Elizabeth Lee

Biopsychology, Cognition, and Neuroscience (BCN) (major)

                                                                                    

Favorite class you took at Michigan:

I have several favorite classes:

Psych 424/426: Senior Honors Research: This course is a program for students completing an honors thesis. It was one of my most rewarding experiences in college. Although writing an honors thesis can initially be intimidating, you will receive guidance from the program director (my year was Dr. Lustig) through workshops, and support from your lab mentors. If you are looking to learn more about designing your own research methods and hypotheses, interpreting results, and improving your scientific communication skills, I highly recommend doing a thesis.
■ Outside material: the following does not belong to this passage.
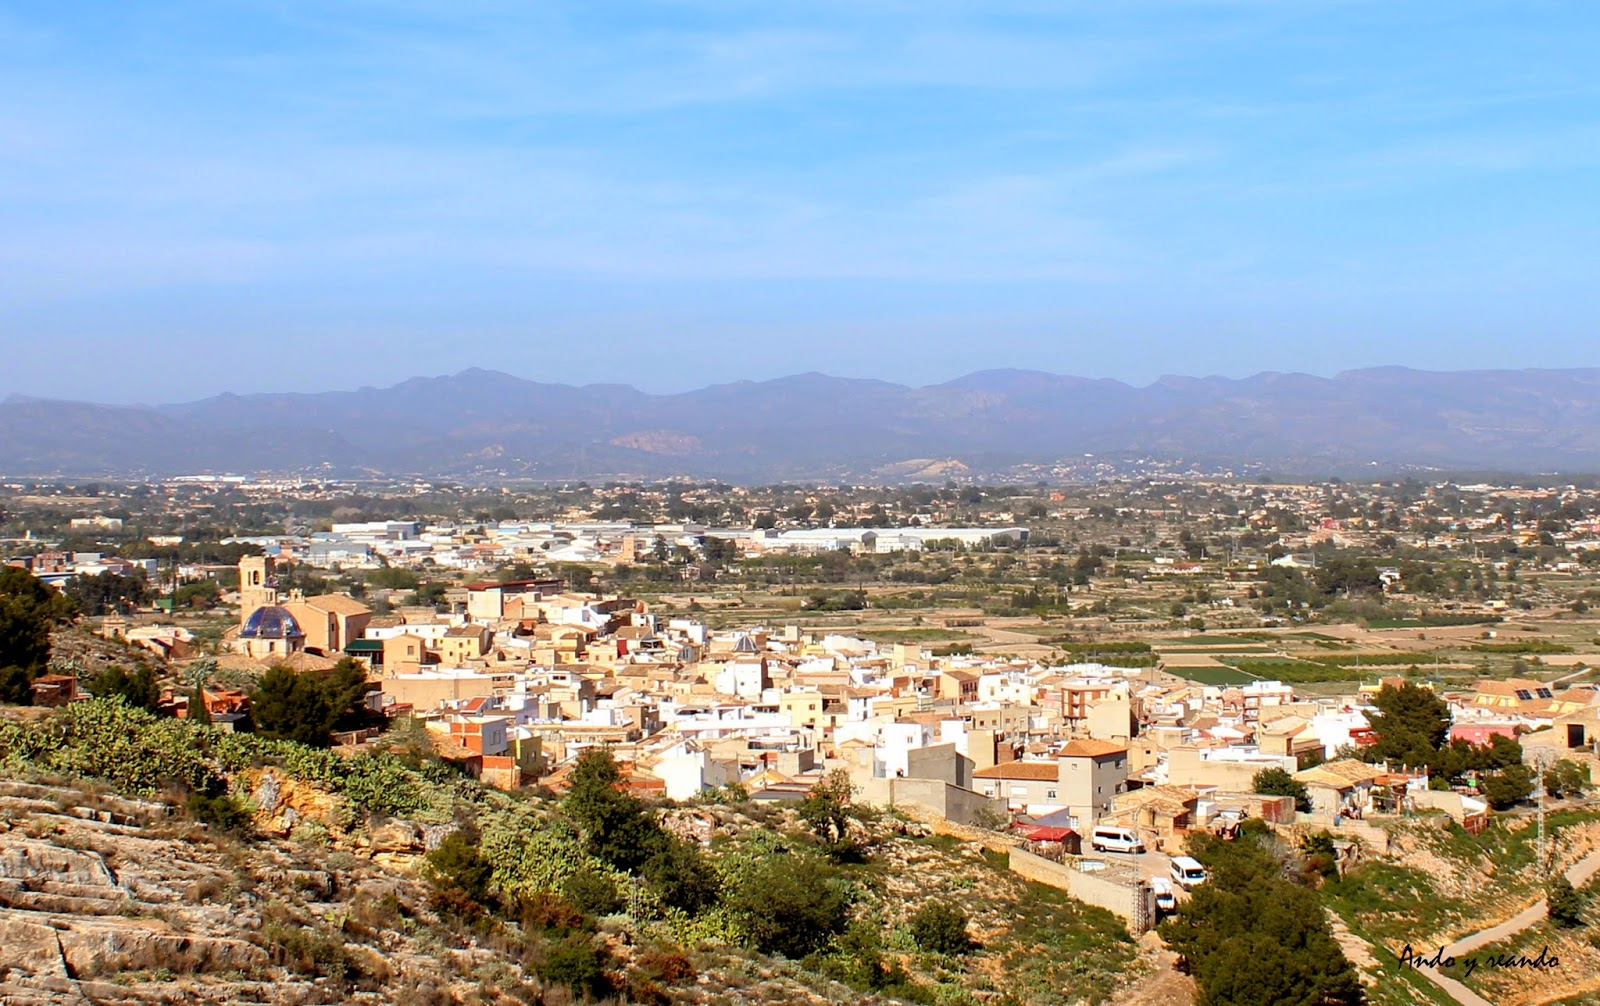 Liria-Sierra Calderona (Valencia)

Psych 314: Positive Psychology: In this course, I learned about the science of what makes life worth living and practices that promote human functioning. Dr. Park does an excellent job at combining theoretical knowledge with practical application to our daily life. She brings energy to the class and emphasizes the importance of incorporating class material to ourselves.
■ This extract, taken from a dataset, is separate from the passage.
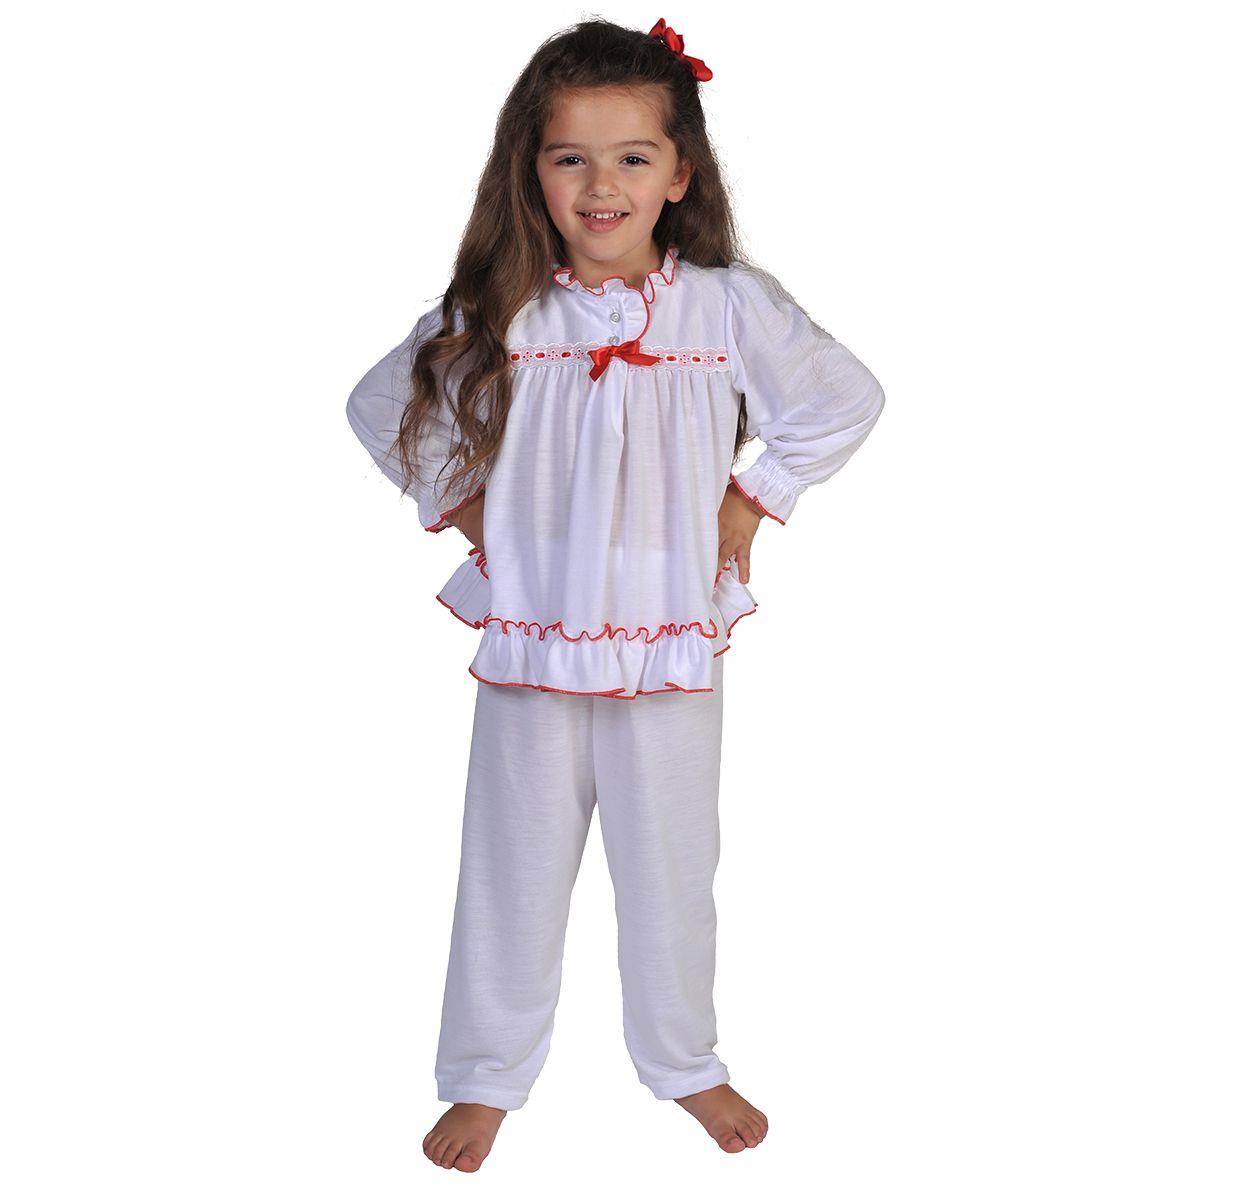 50b101803dc Clara s White Nightgown   PJ s

Chem 230: Physical Chemistry: I enjoyed this course because it pushed me to continuously use problem solving skills. I not only learned about chemistry concepts, but also applied them to new question sets. Dr. Gottfried is an incredible professor. The course is very clearly organized from the flipped classroom style to the lectures that are broken down into digestible and intuitive segments. I found this class rewarding because it was challenging, yet allowed me to develop critical thinking skills.

 

When/How did you study for the MCAT:

The first time I studied for the MCAT was second semester junior year. I took the exam in June. I used the Kaplan books for content review, UWorld for practice problems, and the AAMC bundle. For content review, I found it helpful to review multiple subjects within one day, so that I would be used to switching between patterns of thinking, much like during the MCAT. After taking the exam, I found that I spent too much time on content review and needed to improve on tackling questions and applying concepts. The second time around, I spent more time doing practice exams. I created a spreadsheet of concepts I missed on each problem set. Since I identified these concepts as my weakness, I made sure to review them daily, with an emphasis on those that I missed more than once. I took my second exam in January. Since I had winter break free from classes, I spent the 2-3 weeks before the exam taking practice tests every other day or every three days (spend one day on practice exam, one day reviewing what questions I got wrong and why, and one day reviewing concepts/doing practice problems. The last two days can combine into one day, depending on the amount needed to be reviewed). I did this to build endurance and practice on timing. I would like to note that before studying for the second exam, I gave myself time where I completely set aside MCAT materials. I found it important to approach the second exam with a clear mind and avoid burn out.

 

 

When did you take the MCAT: June and following January

 

What was your pre-med experience:

My pre-med experience was filled with challenges and achievements. Looking back, the challenges such as courses, time management, and figuring out my academic interests were necessary for developing the life skills and passions I have now. They made my pre-med journey rewarding and satisfying. I was fortunate to have support from my advisors, mentors, and family/friends. One of the best decisions I made in college was pursuing a major in BCN. It allowed me to explore concepts related to medicine in an interdisciplinary fashion, and One of the most important lessons I learned was to pursue the field of medicine, you have to figure out why it is meaningful to you

 

Recommendations/advice for current students:

Don’t be afraid to explore your interests. The best path of being not just a pre-med but a college student in general is figuring out what sparks your passion. You will encounter challenges. Remember that there are resources around you that are willing and wanting to help out (i.e. academic advisors, friends, Pre-Med Hub, etc). It is easy to fall into the trap of worrying about your classes, extracurriculars, and whether you’re “cut” to be a pre-med. It may be cliche but the stressors are temporary–your future will work out one way or another as long as you put in your best effort.